> INFORMATION SHOWN
== Segment start ==
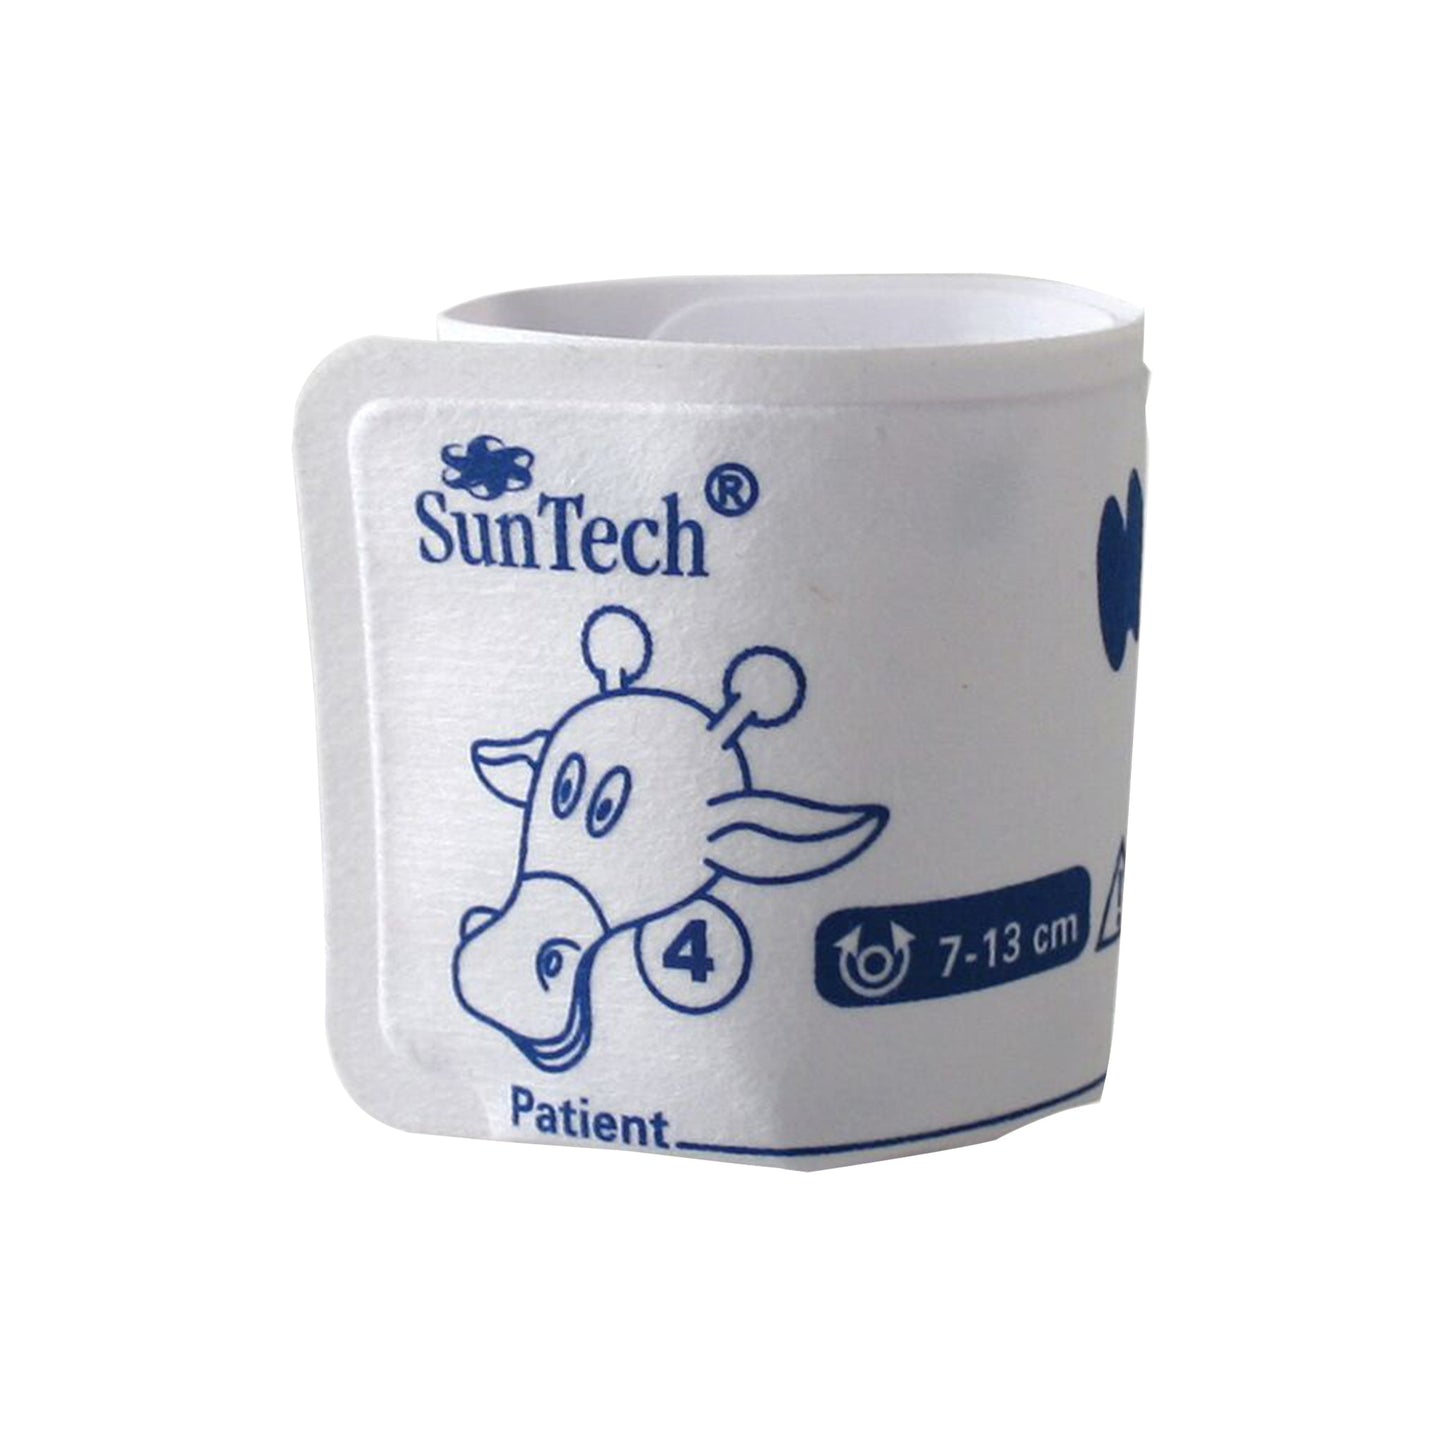 SunTech BP Vet Cuff Size 4, 7–13cm
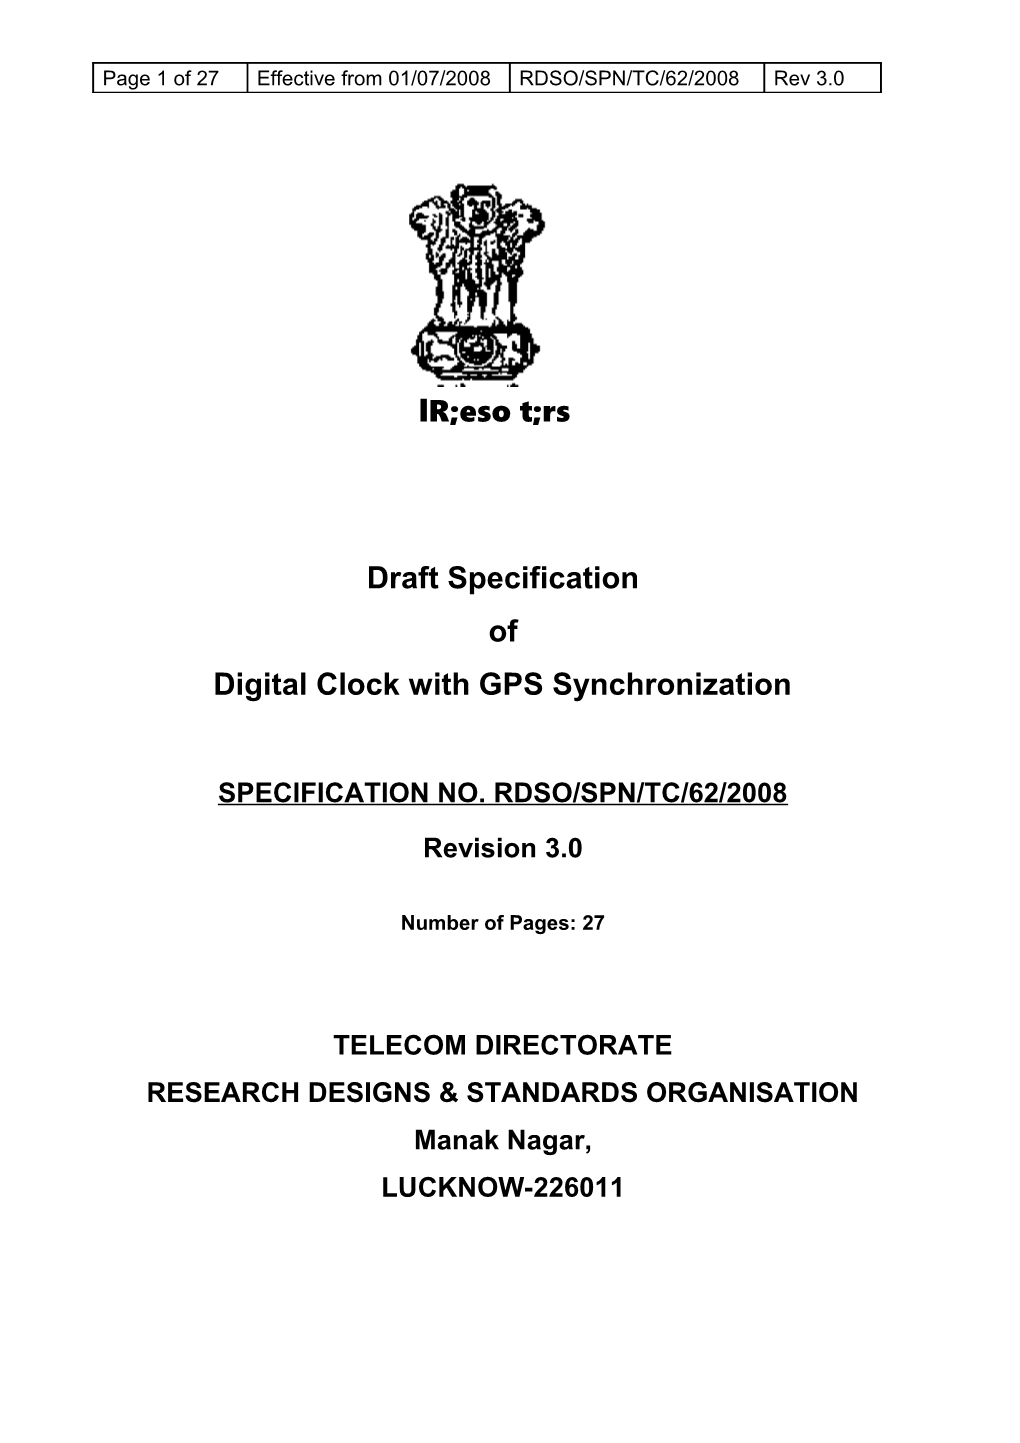 Digital Clock with GPS Synchronization
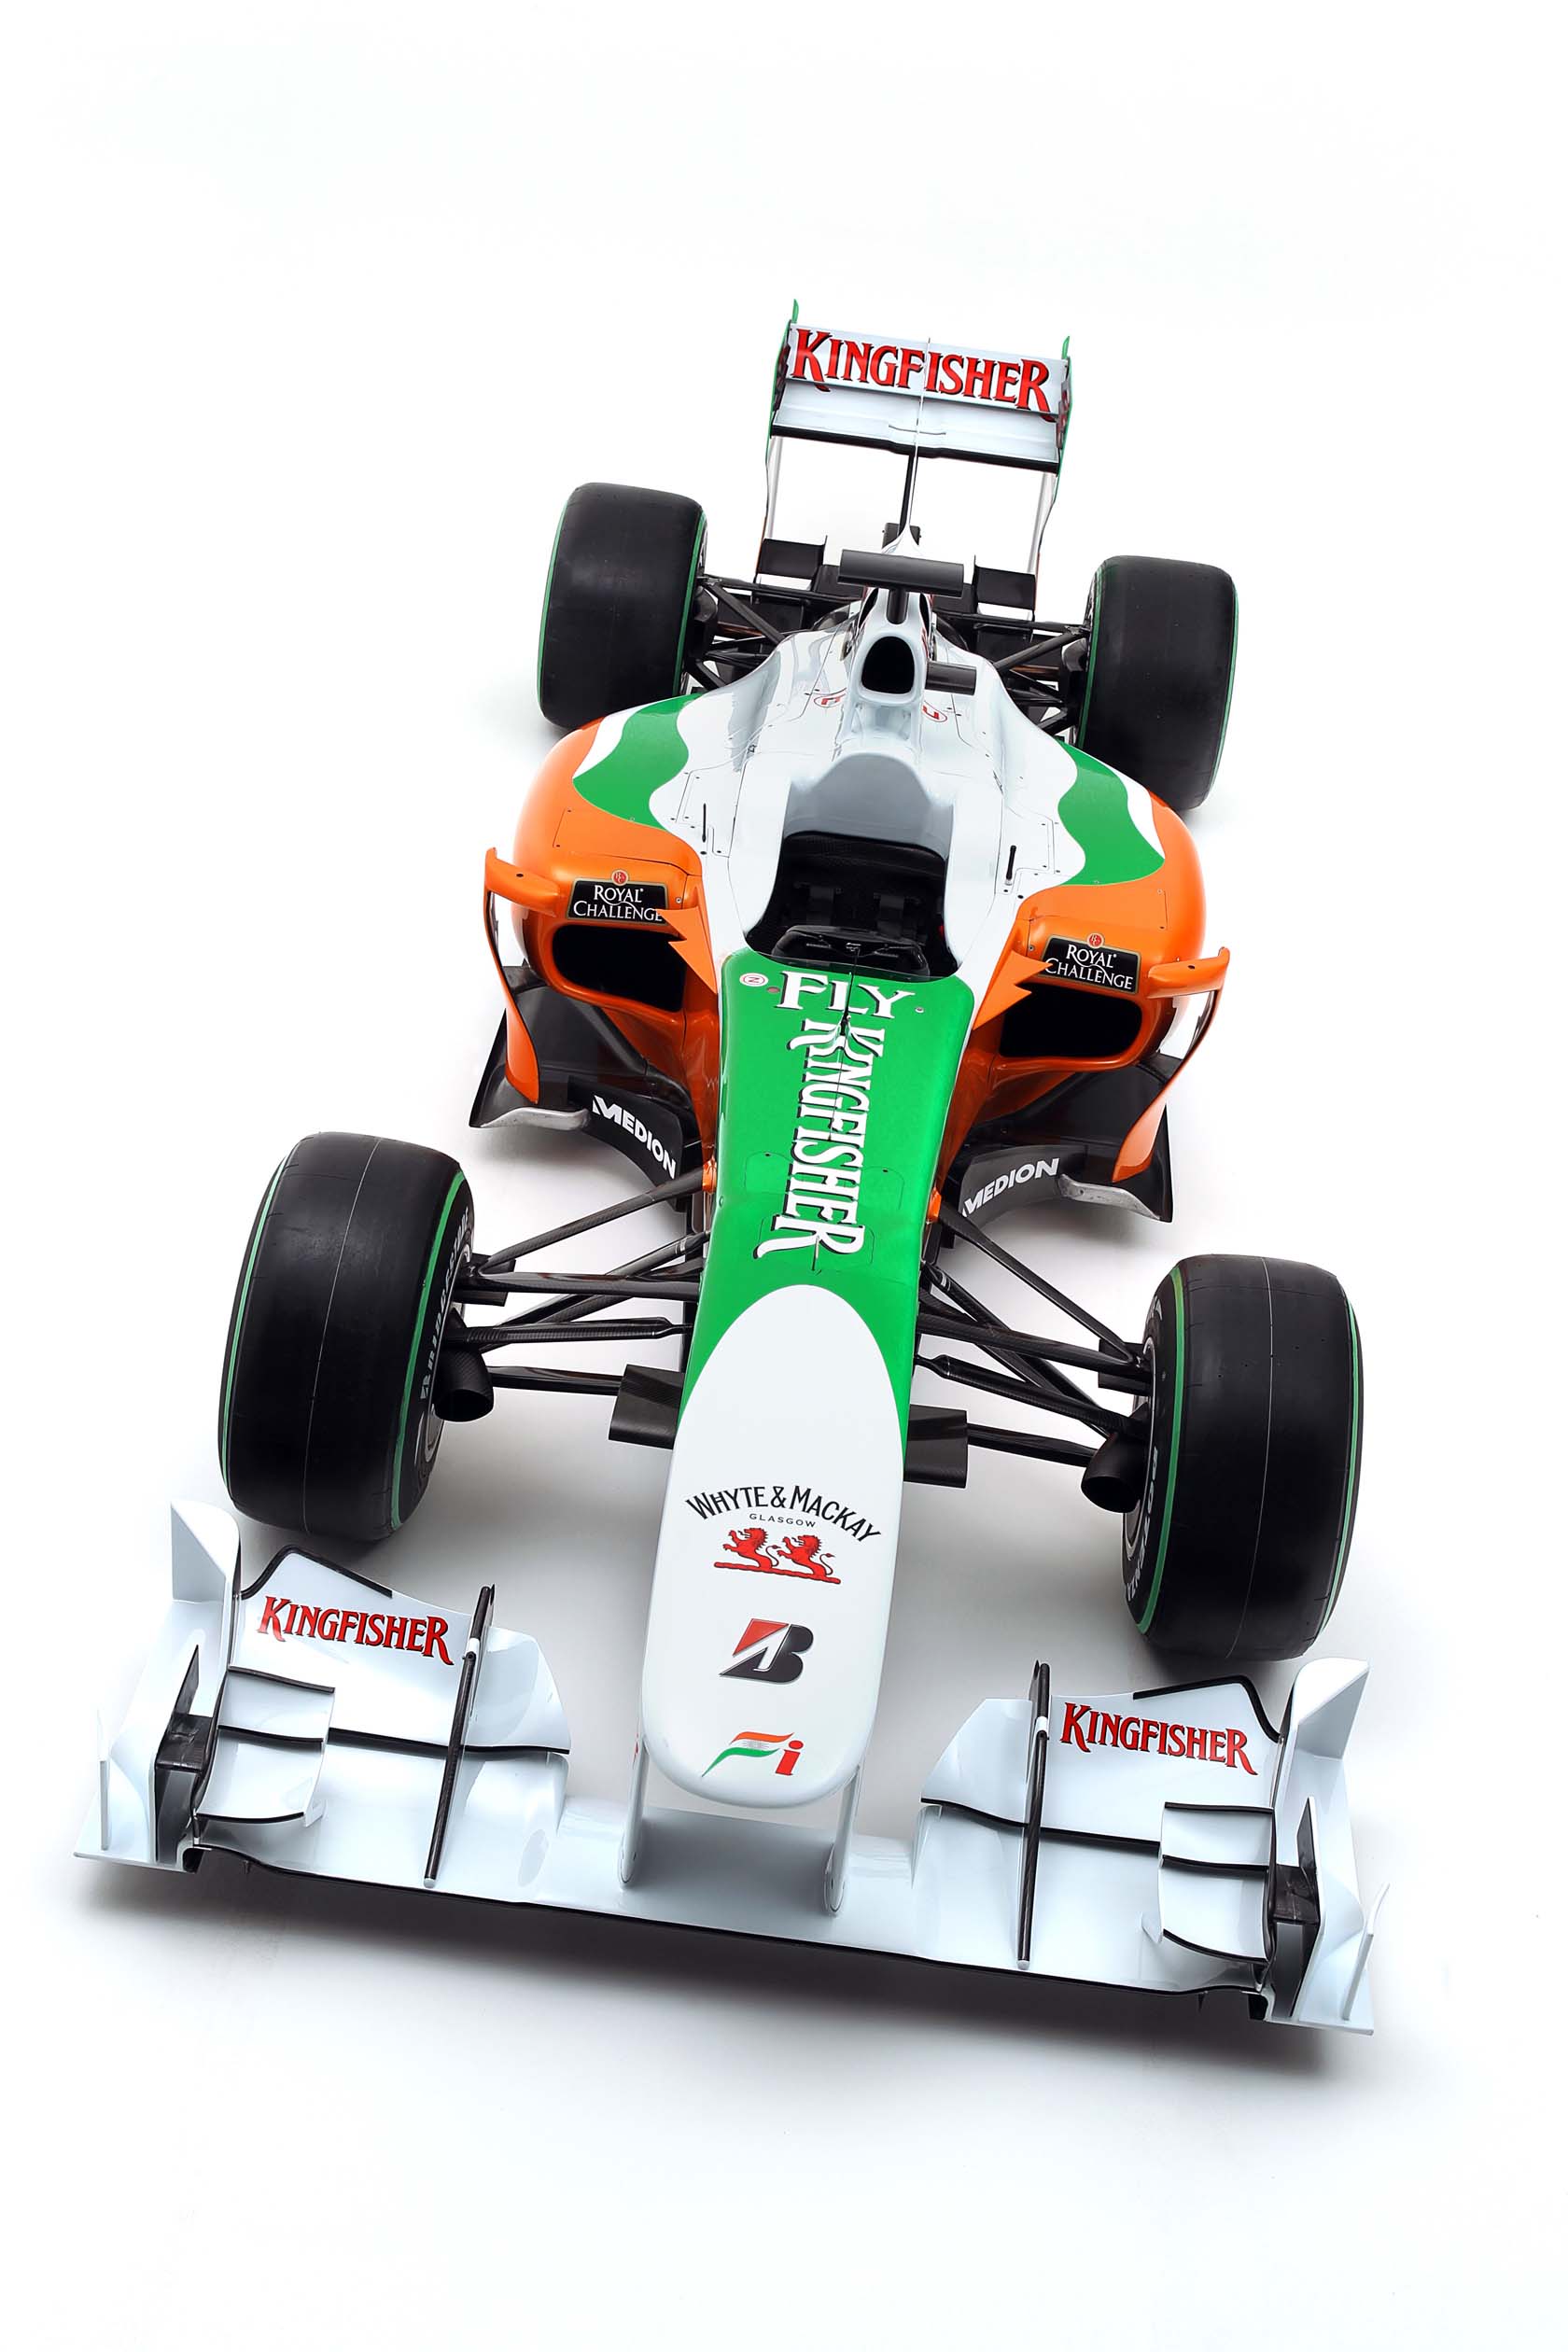 Force India Vjm03 F1 Fanatic
== Segment end ==
> PROBLEM
I need the lines from the line containing "Digital Clock with GPS Synchronization" through the final line of the listing duplicated exactly, both ends included, with no pictures and nothing else.

> TASK RESPONSE
 Digital Clock with GPS Synchronization
 Force India Vjm03 F1 Fanatic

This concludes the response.